**MATERIAL PROVIDED**:
__________________________________________________
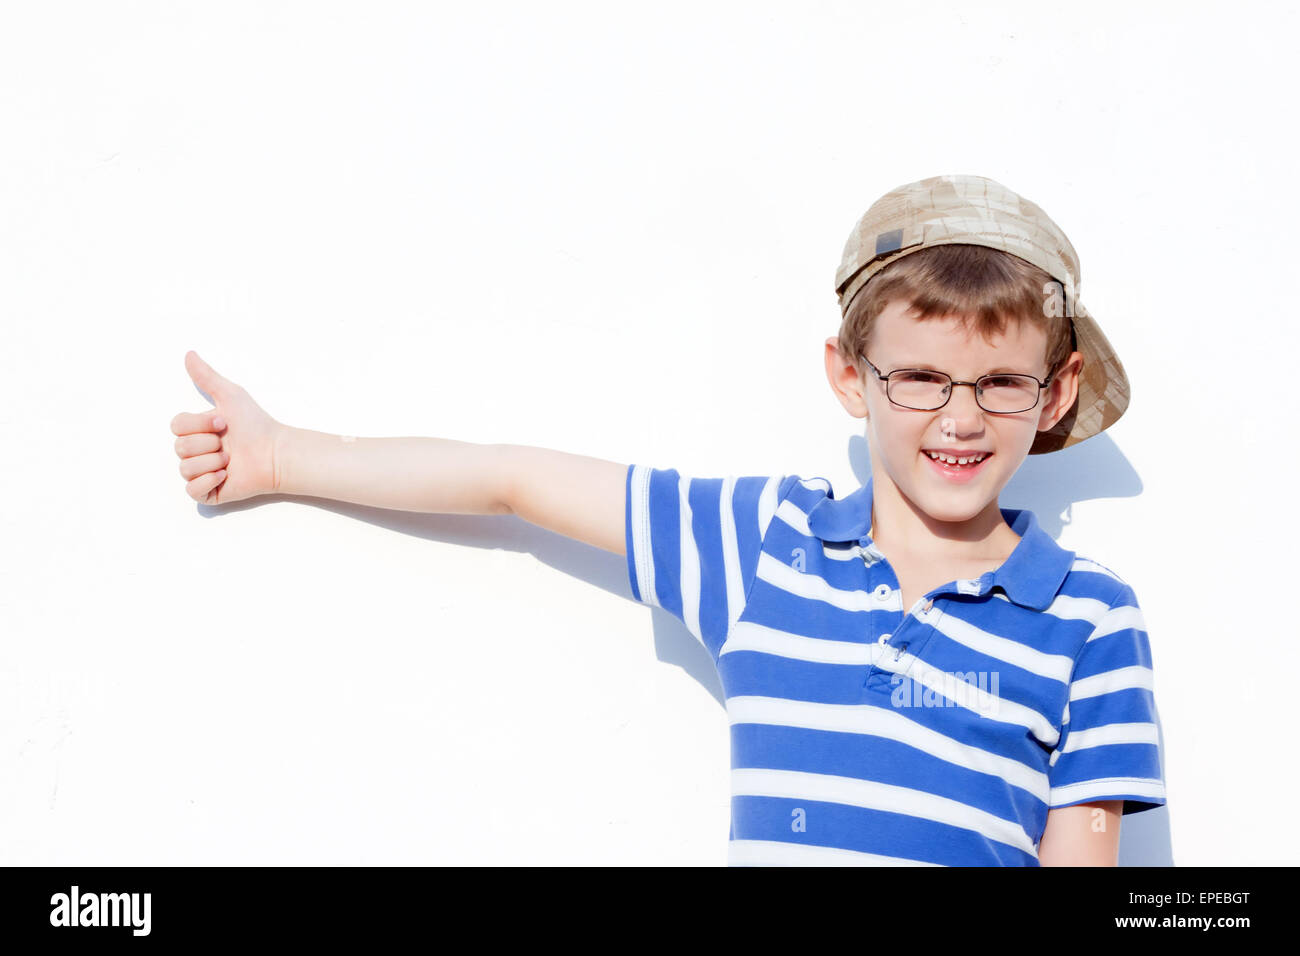 a little boy aged 6 to 8 years old with glasses and a cap showing a positive gesture.portrait Stock Photo
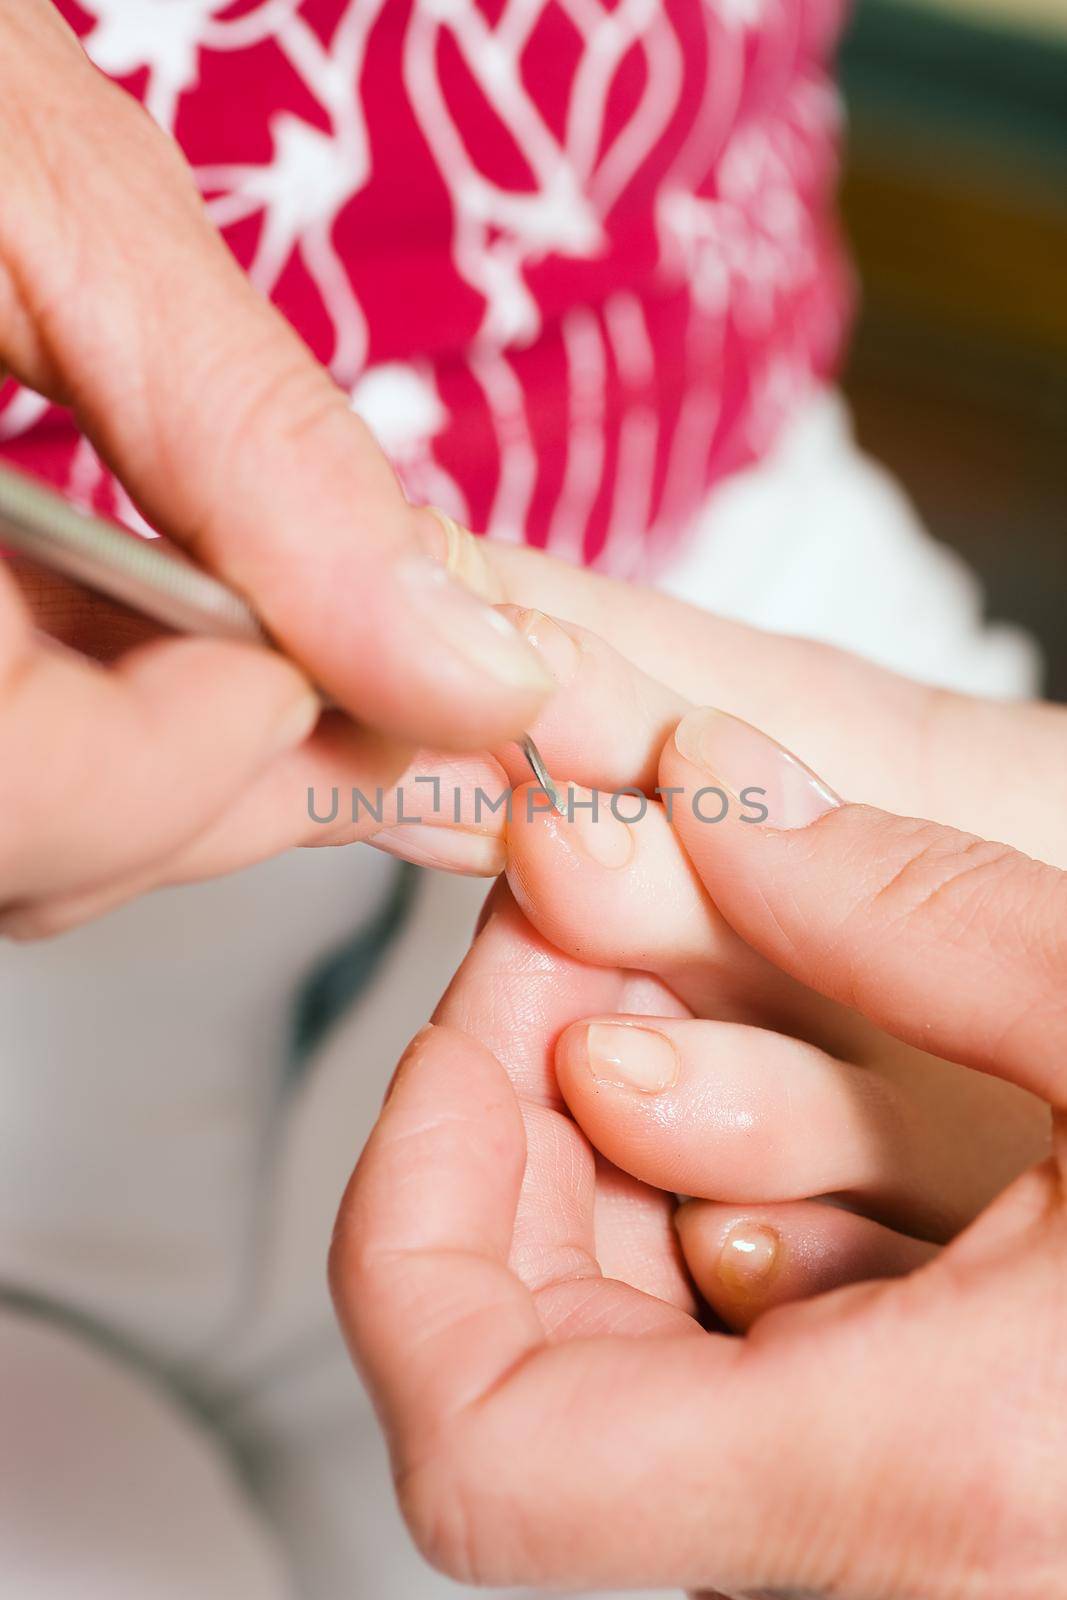 Woman practicing chiropody taking care of a feet; focus on hands and tool
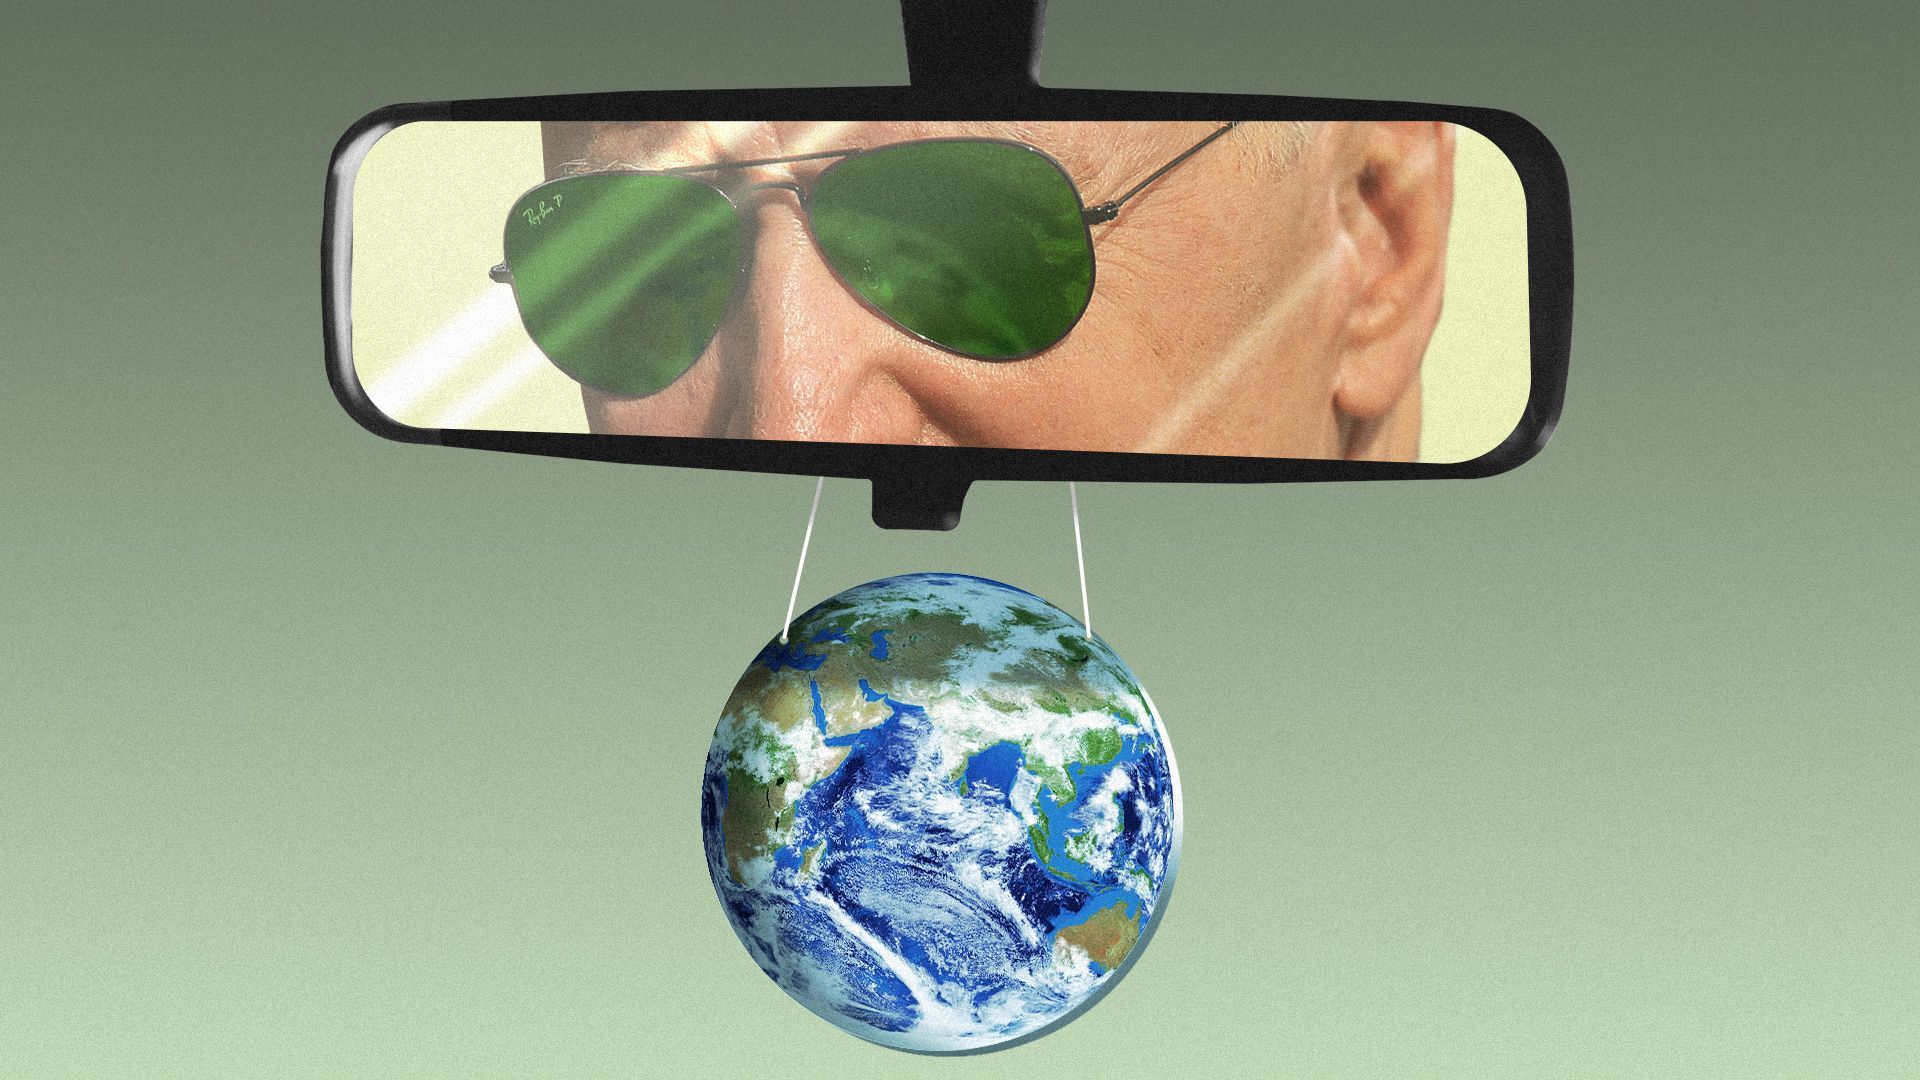 Photo illustration of President Biden looking in the rearview mirror of a car with an earth mirror ornament
__________________________________________________
**EXERCISE**: The expected result is the material restated word for word, minus any picture.

**OUTPUT FOR THIS TASK**:
 a little boy aged 6 to 8 years old with glasses and a cap showing a positive gesture.portrait Stock Photo
 Woman practicing chiropody taking care of a feet; focus on hands and tool
 Photo illustration of President Biden looking in the rearview mirror of a car with an earth mirror ornament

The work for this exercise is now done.